Une clause pour la Cuba libre
L'un des éléments les plus novateurs de la loi est la section intitulée «Soutien à une Cuba libre et indépendante», qui comprend une clause sans précédent : si le gouvernement fédéral modifie le statut diplomatique de Cuba, le gouverneur est autorisé à émettre un ordre exécutif temporaire qui suspend certaines restrictions étatiques et facilite les interactions commerciales avec une Cuba post-régime.
Cette suspension provisoire ne pourra pas être renouvelée sans l'approbation expresse de la législature de l'État, comme l'a précisé Martí Noticias en détaillant le contenu du projet.
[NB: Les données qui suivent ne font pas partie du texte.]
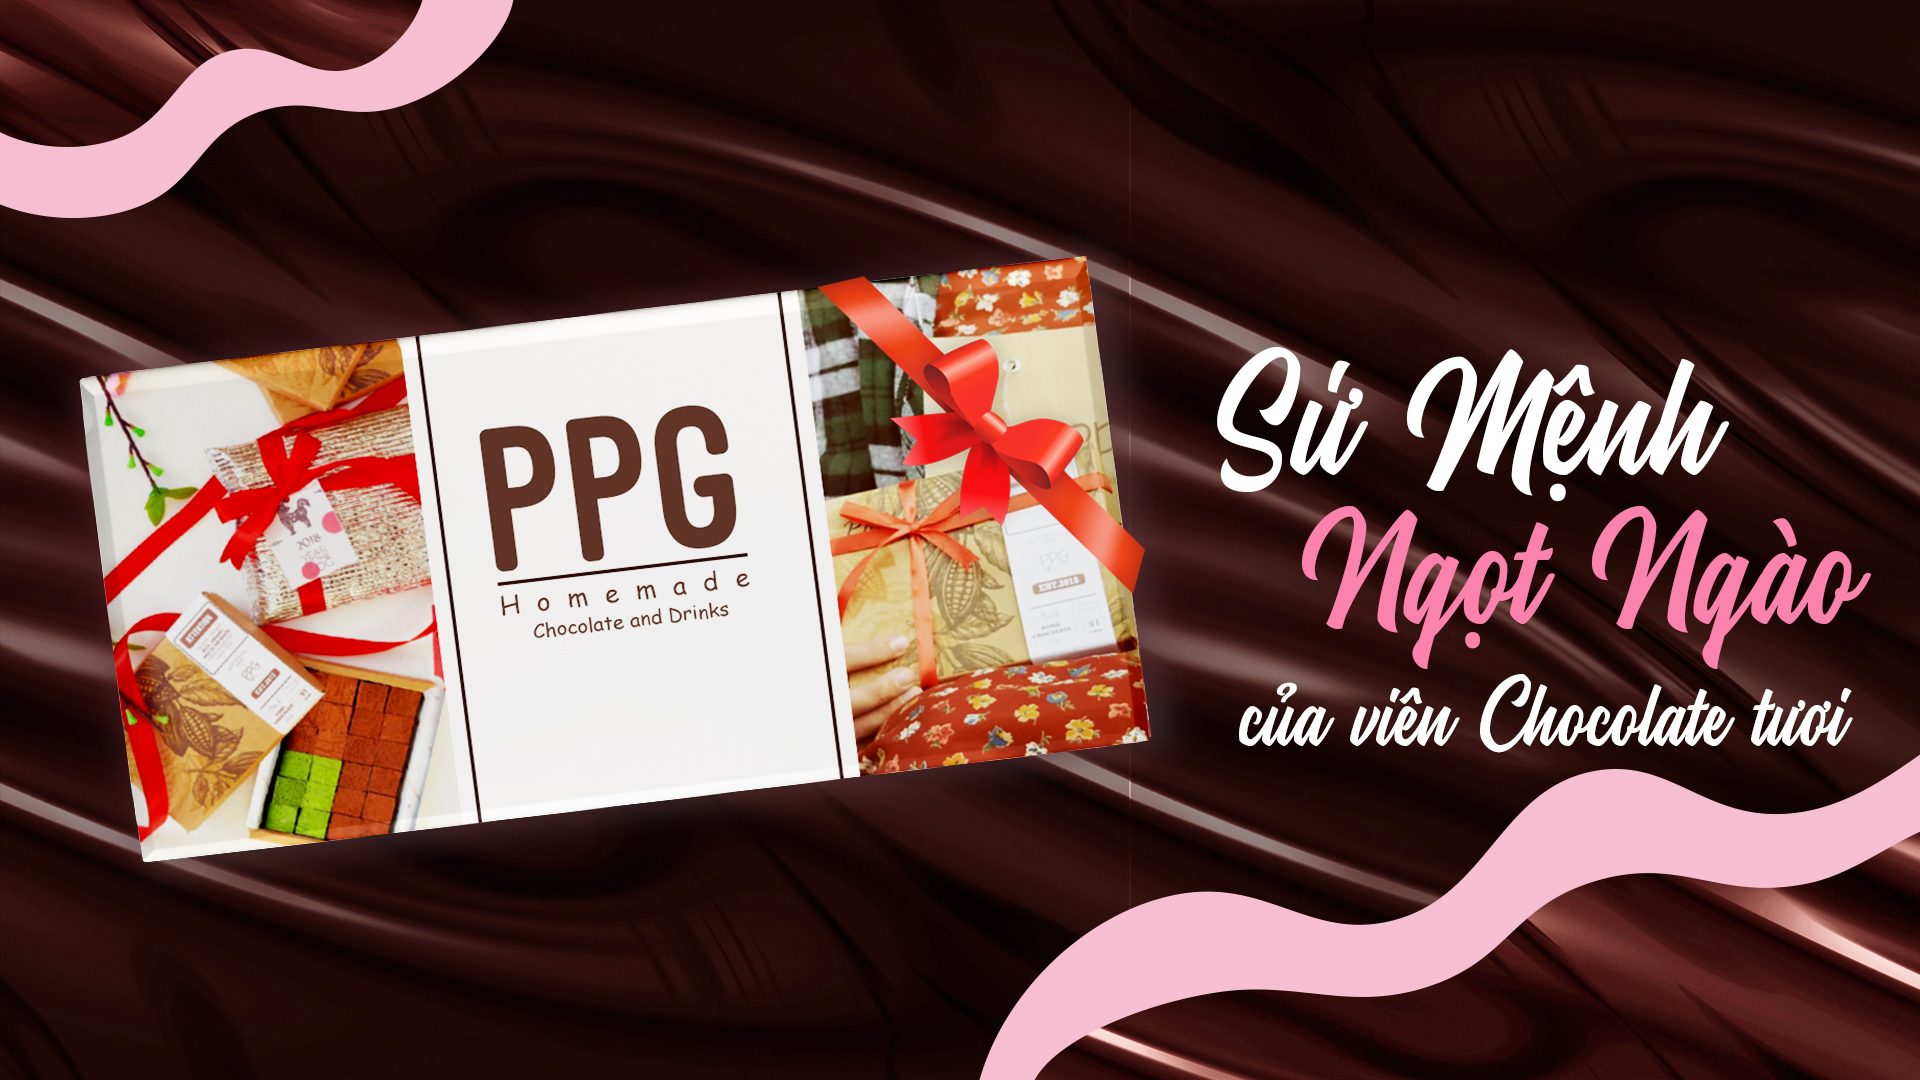 PPG Homemade Chocolate and Drinks – Sứ Mệnh Ngọt Ngào Của Viên Chocolate Tươi

DeSantis a été explicite sur l'ampleur de sa vision : « Ce qui est nécessaire, c'est la fin du régime, pas seulement réorganiser les chaises sur le Titanic ». Il a ajouté : « Si Cuba était libre, ce serait un pays incroyablement prospère ».
Pression coordonnée depuis Washington et Tallahassee
La signature de la loi se produit dans une semaine de pression intense sur La Havane. Le 1er mai, le président Donald Trump a signé l'Ordonnance Exécutive 14404, qui élargit les sanctions contre le régime cubain et déclare une urgence nationale en raison des politiques de Cuba, qualifiées de « menace inhabituelle et extraordinaire » pour les États-Unis.
Le 7 mai, le secrétaire d'État Marco Rubio a annoncé des sanctions spécifiques contre GAESA, le conglomérat militaire qui contrôle entre 40 % et 70 % de l'économie cubaine, sa présidente exécutive Ania Guillermina Lastres Morera, et l'entreprise d'État minière Moa Nickel S.A.
Les entreprises étrangères ont jusqu'au 5 juin 2026 pour mettre fin à leurs activités avec des entités cubaines sanctionnées, dans le cadre d'une stratégie de pression maximale coordonnée entre l'administration Trump et le gouvernement de Floride.
La loi HB 905 entrera en vigueur le 1er juillet 2026. Avec elle, la Floride renforce son rôle de bastion anti-communiste et, selon ses propres législateurs, devient l'État le mieux préparé à réagir rapidement à un éventuel changement de régime à La Havane.